PROBLEM TO SOLVE: Setting aside any pictures, reproduce the data exactly.

DATA SHOWN:
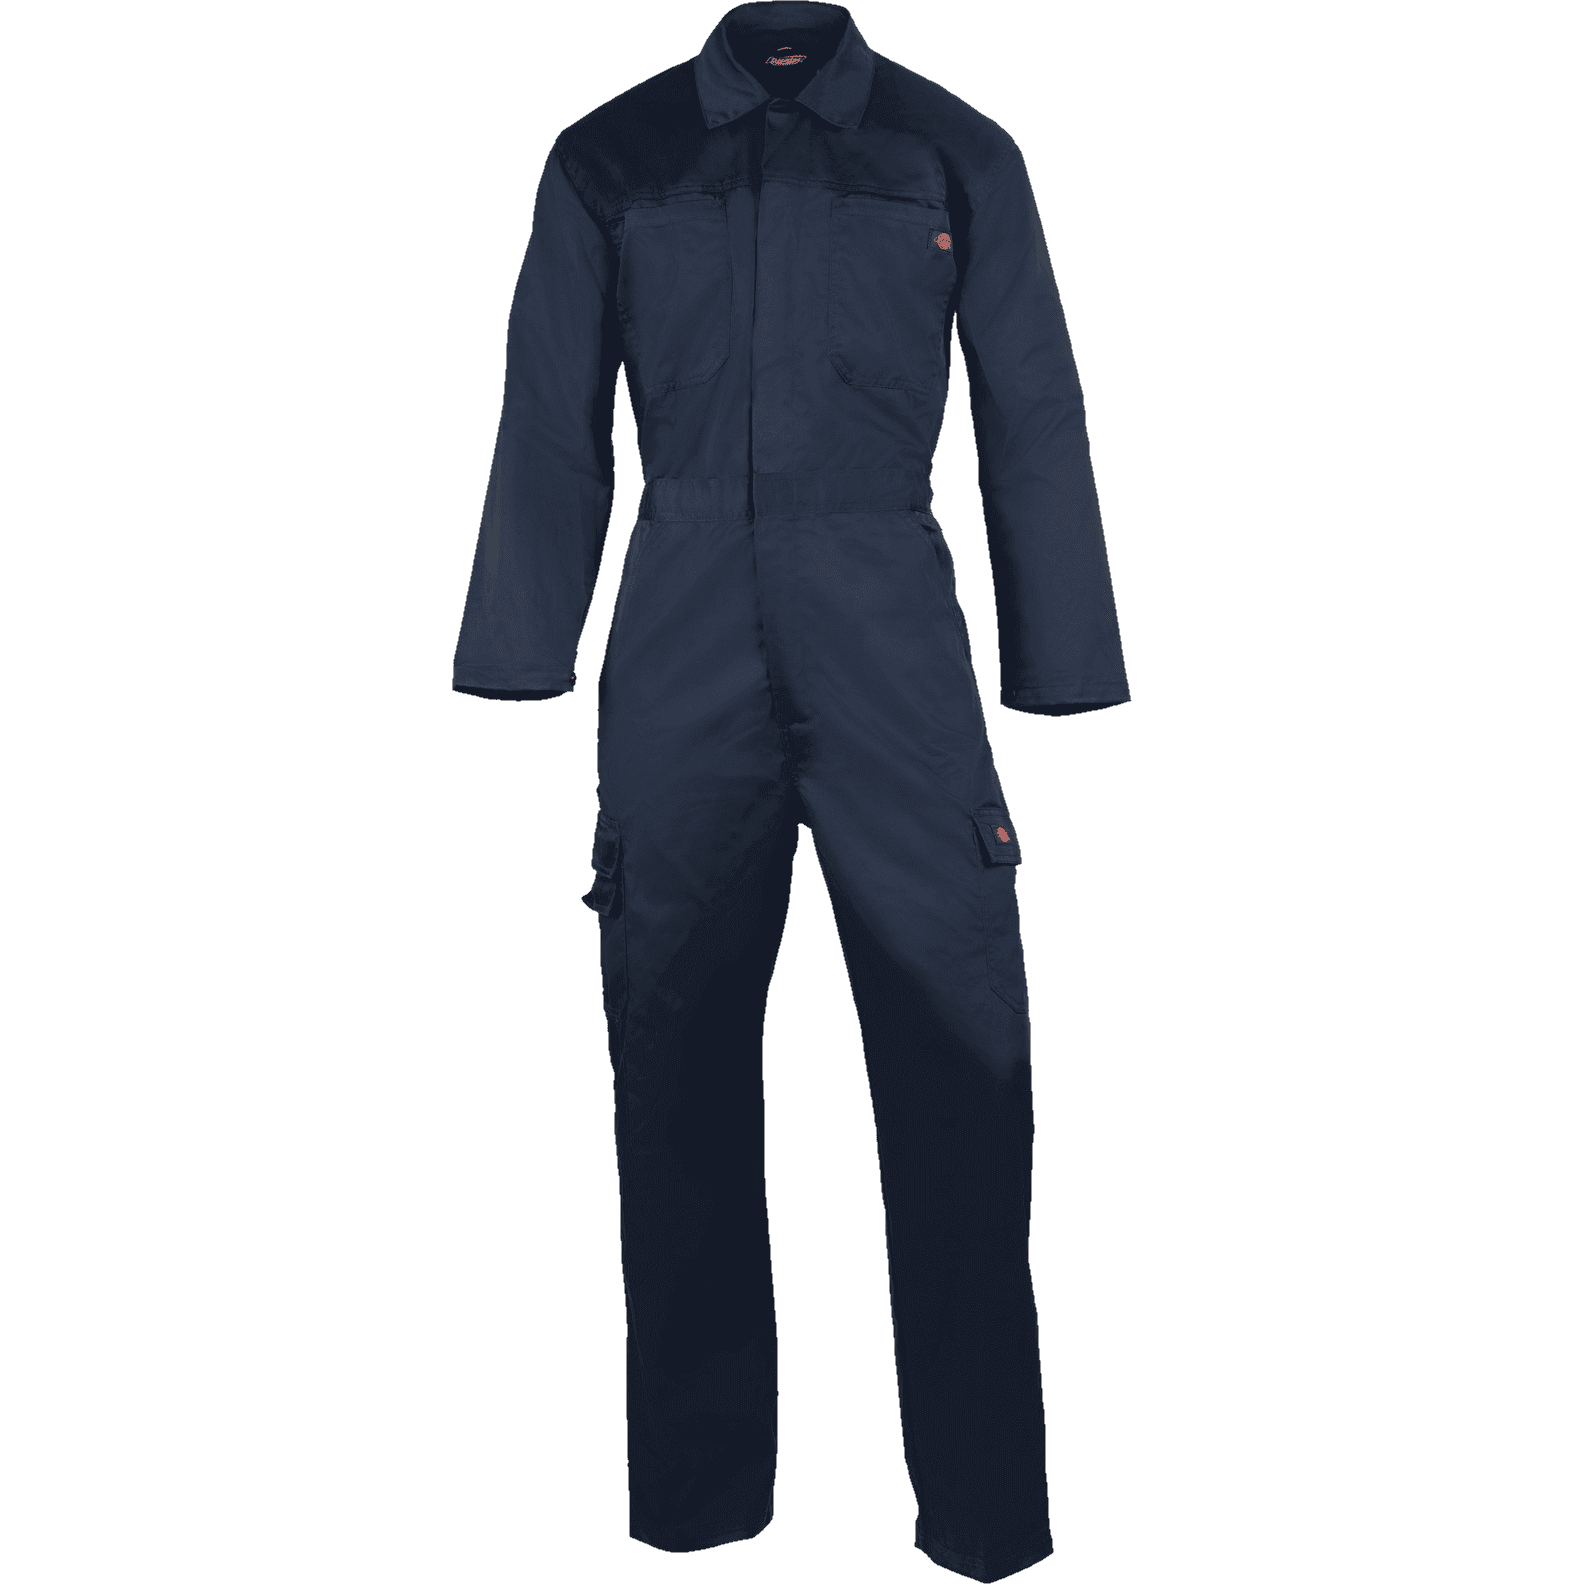 Men's Everyday Coverall Dickies
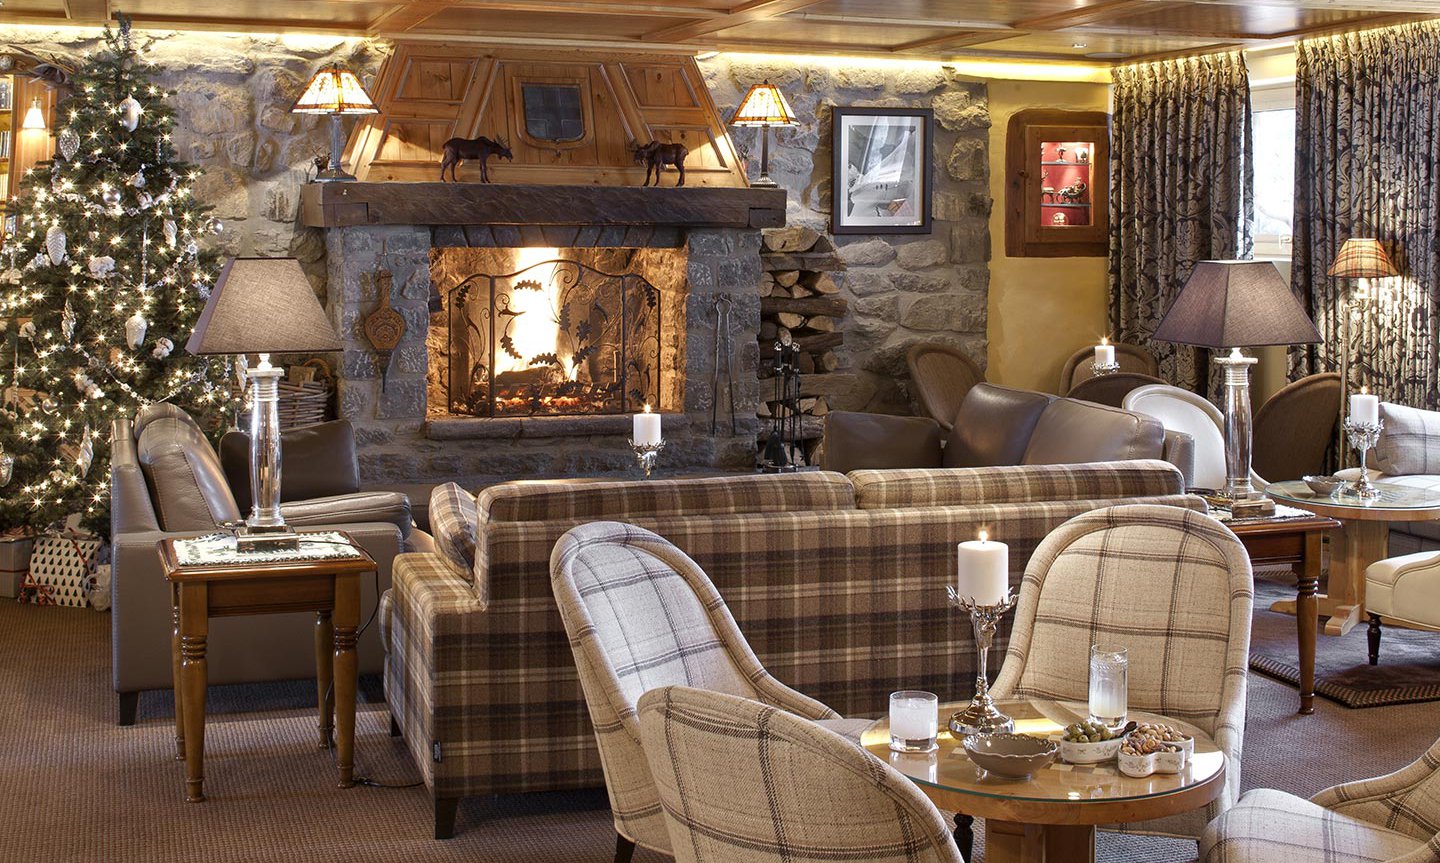 Hotel Le Grand Coeur Bar with Roaring Fire
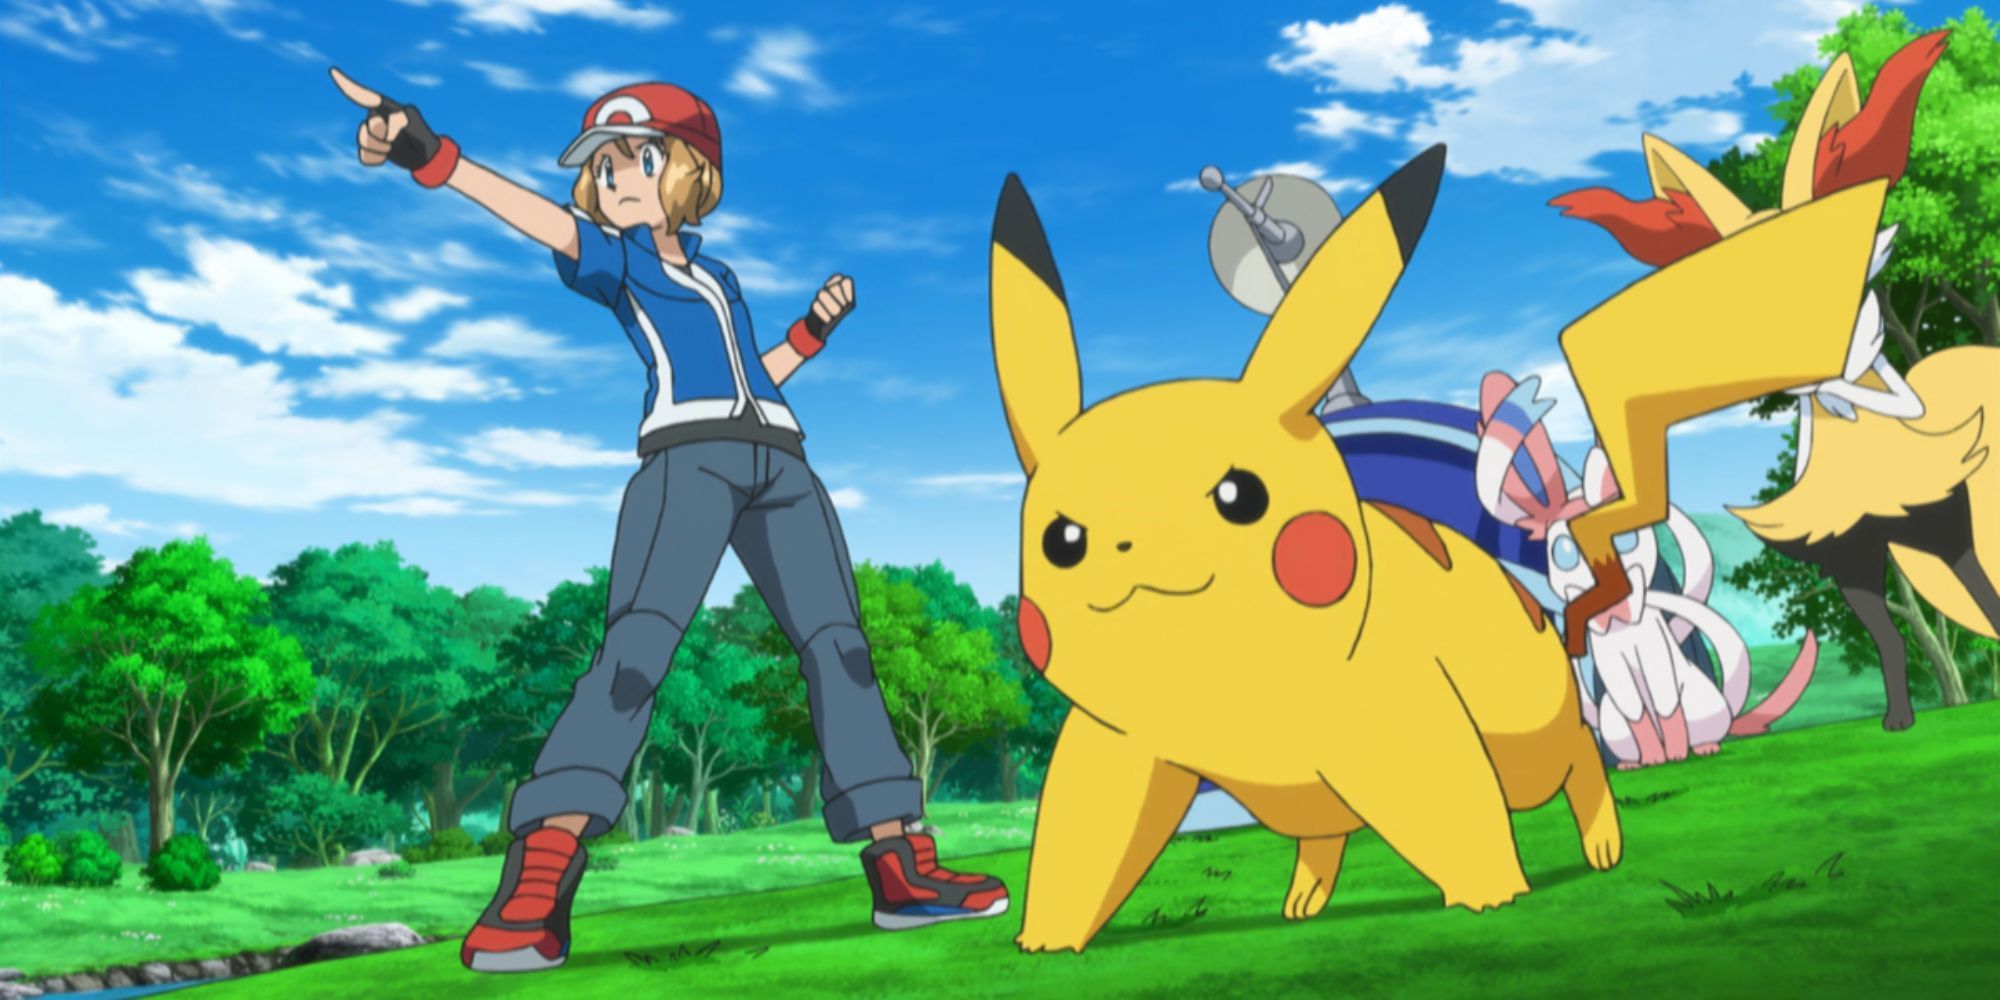 A disguised Serena fights alongside Pikachu.

FINAL ANSWER:
 Men's Everyday Coverall Dickies
 Hotel Le Grand Coeur Bar with Roaring Fire
 A disguised Serena fights alongside Pikachu.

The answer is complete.